Requirement: Starting at the line with "Bild eines modernen" and ending at the line with "Ant Colony Responds", print exactly the lines of the entries below. Pictures do not belong in the copy.

Source information:
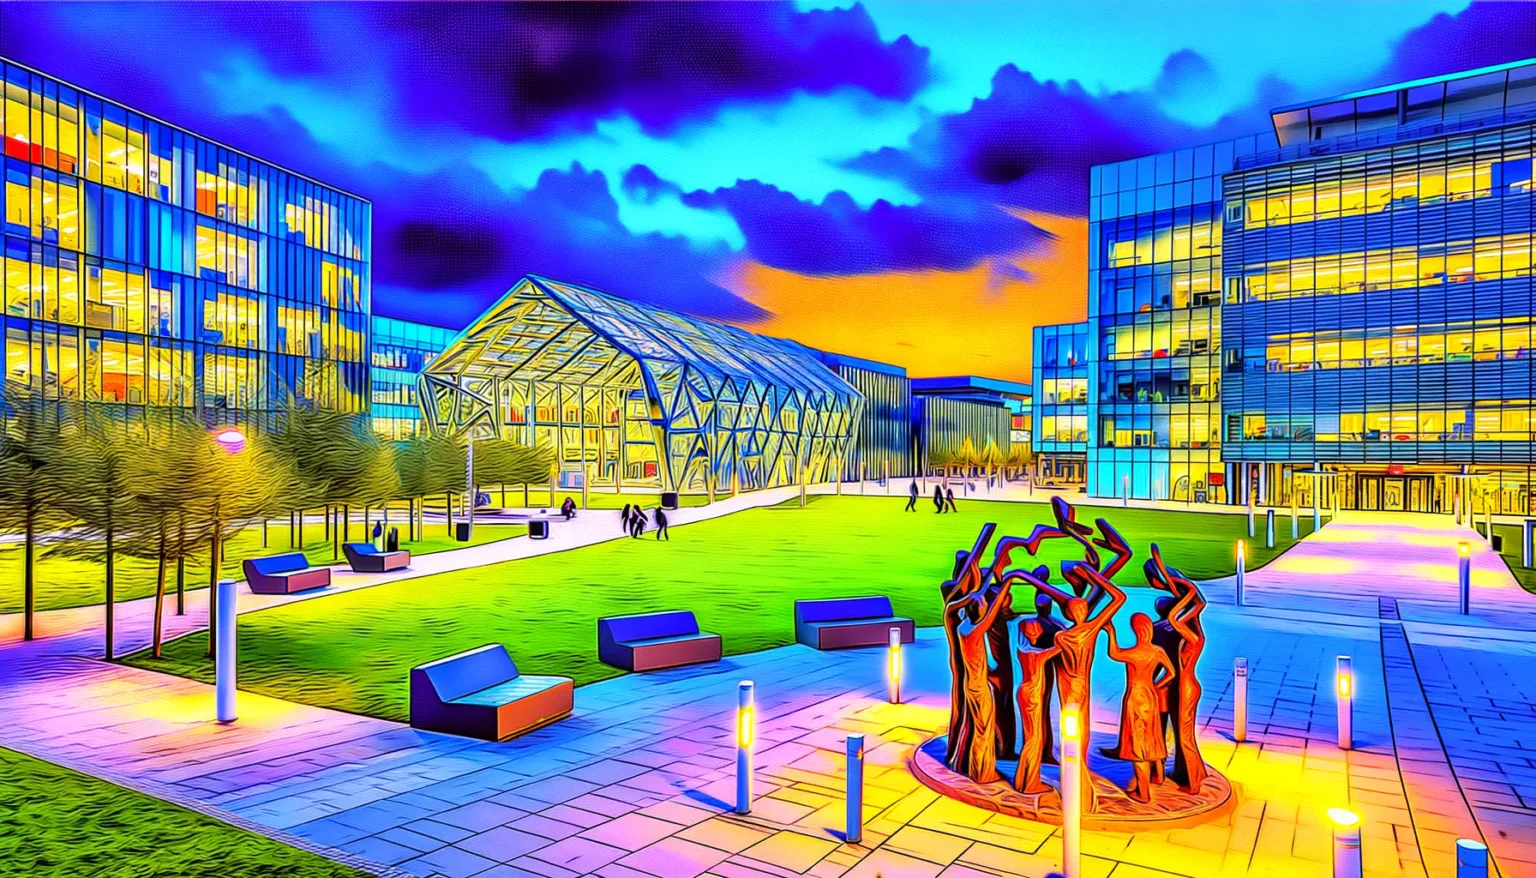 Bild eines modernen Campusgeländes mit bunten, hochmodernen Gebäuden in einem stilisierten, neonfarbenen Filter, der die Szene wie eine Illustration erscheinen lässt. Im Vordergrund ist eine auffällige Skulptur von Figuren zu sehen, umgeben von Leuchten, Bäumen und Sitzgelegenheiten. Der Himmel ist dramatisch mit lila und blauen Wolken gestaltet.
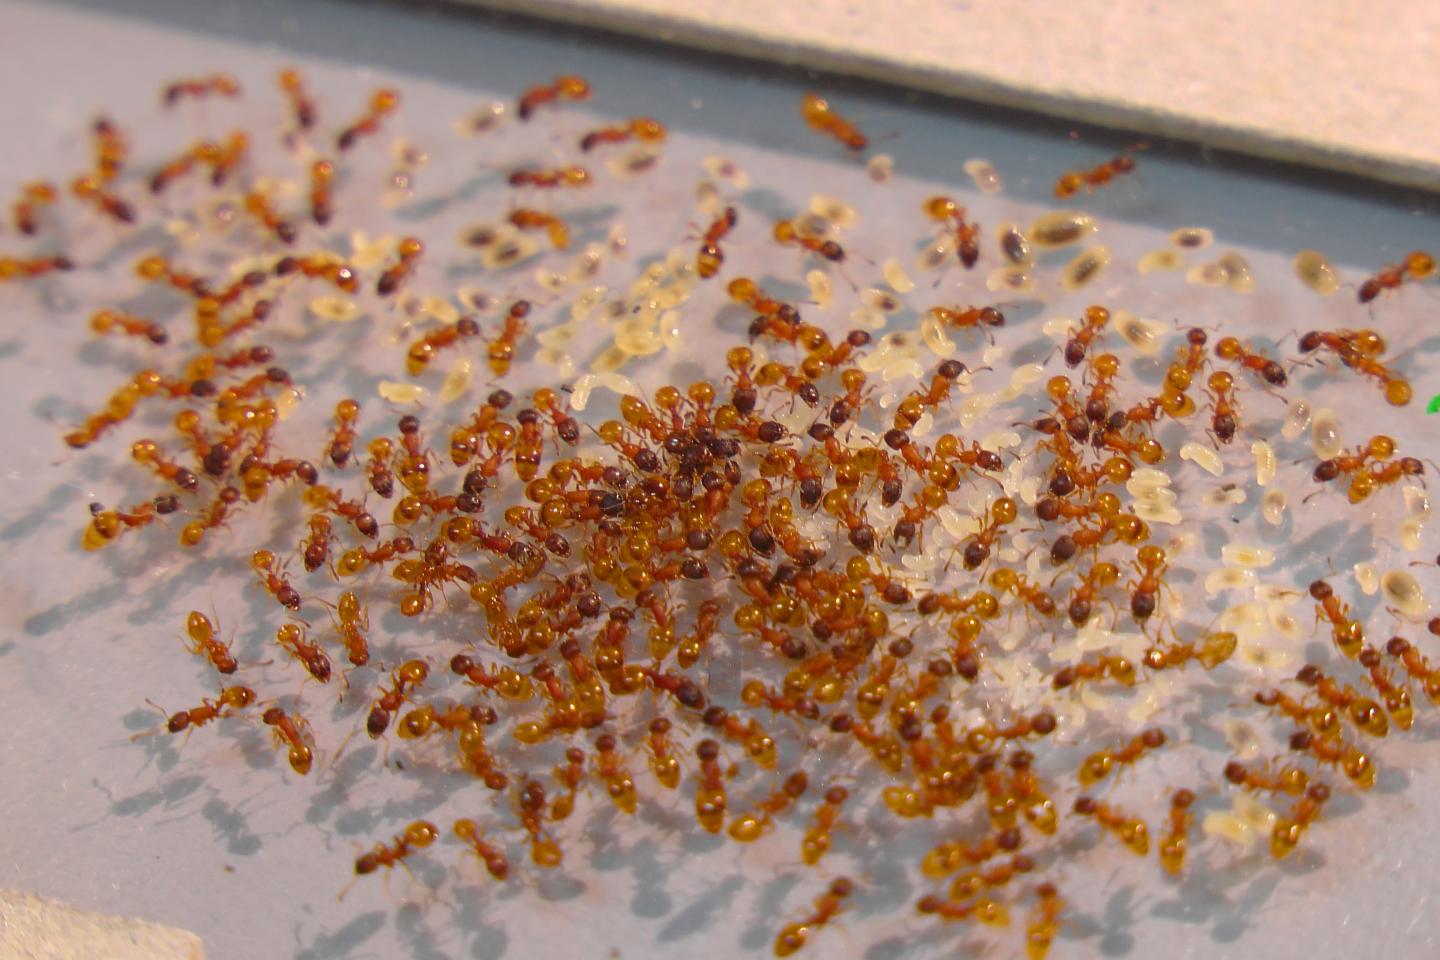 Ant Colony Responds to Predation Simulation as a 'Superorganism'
* * *
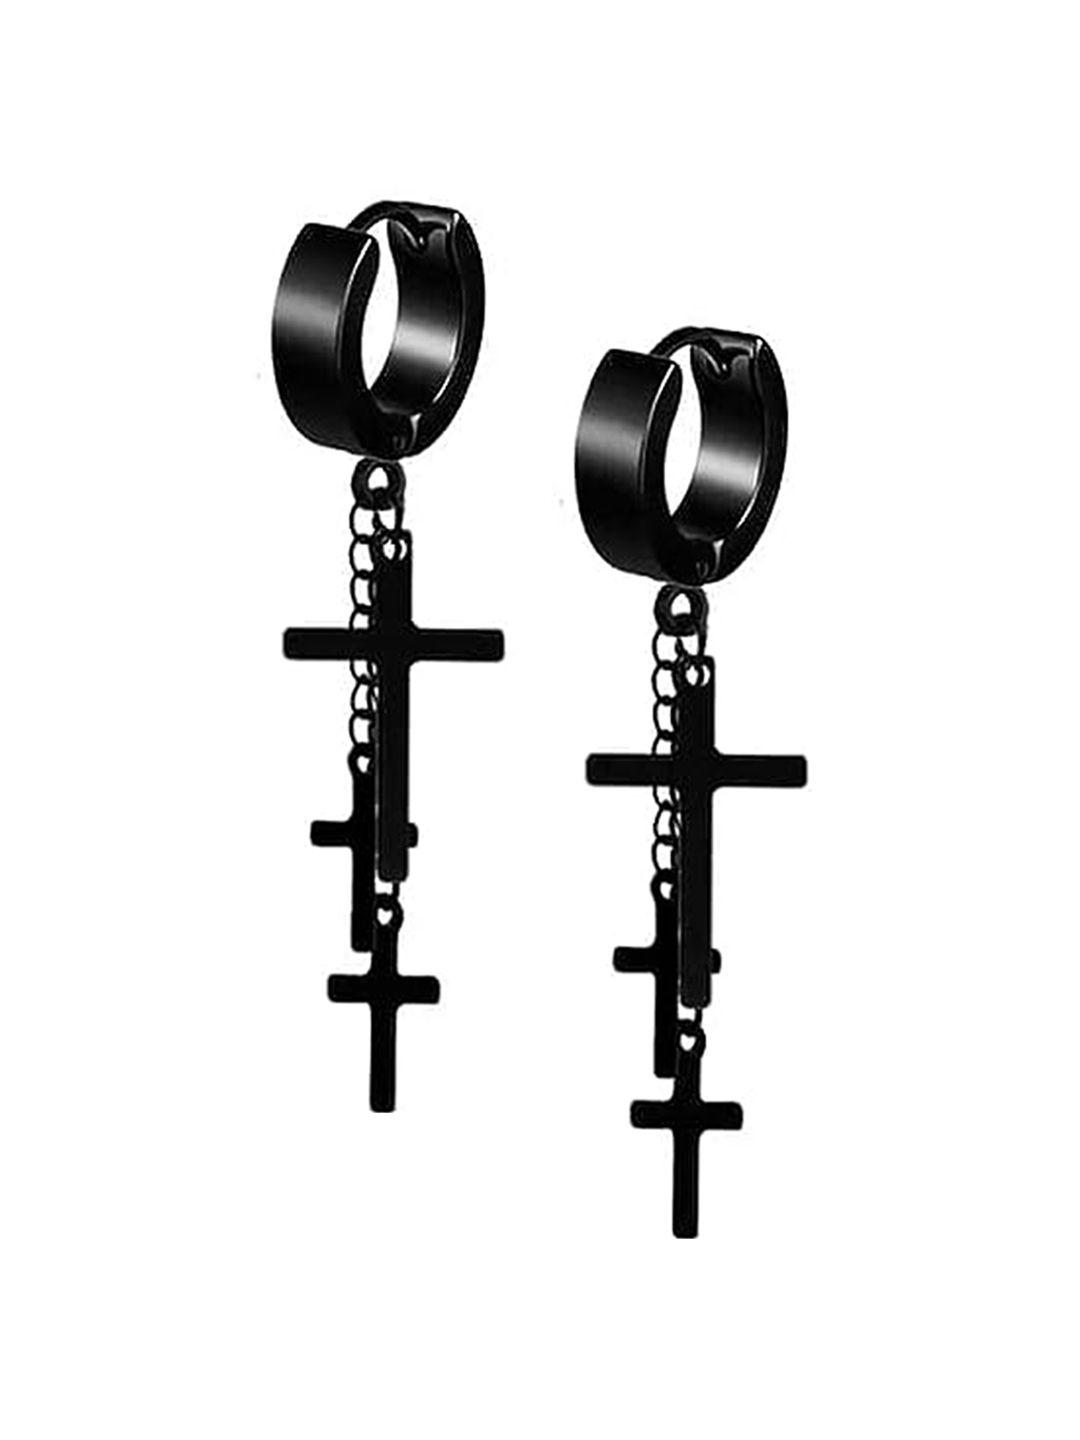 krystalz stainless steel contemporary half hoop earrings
==
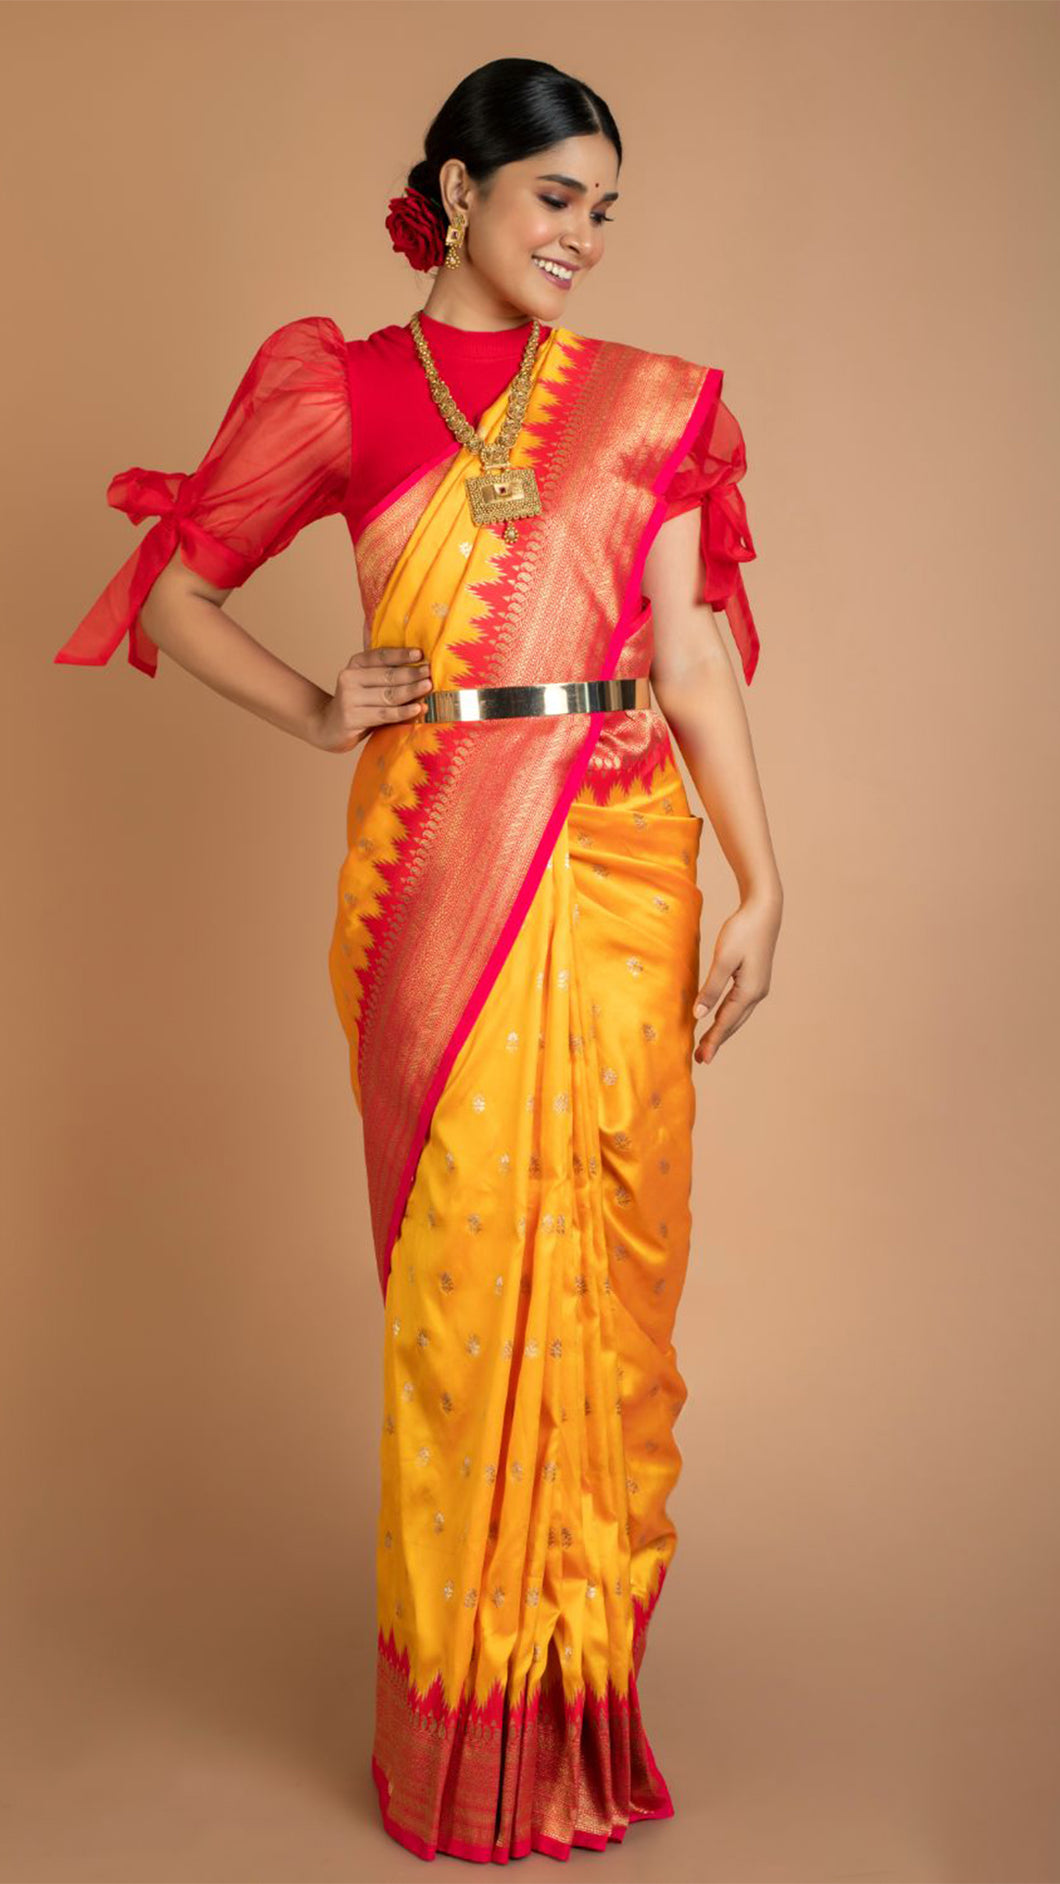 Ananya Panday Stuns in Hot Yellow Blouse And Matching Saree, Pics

Solution:
 Bild eines modernen Campusgeländes mit bunten, hochmodernen Gebäuden in einem stilisierten, neonfarbenen Filter, der die Szene wie eine Illustration erscheinen lässt. Im Vordergrund ist eine auffällige Skulptur von Figuren zu sehen, umgeben von Leuchten, Bäumen und Sitzgelegenheiten. Der Himmel ist dramatisch mit lila und blauen Wolken gestaltet.
 Ant Colony Responds to Predation Simulation as a 'Superorganism'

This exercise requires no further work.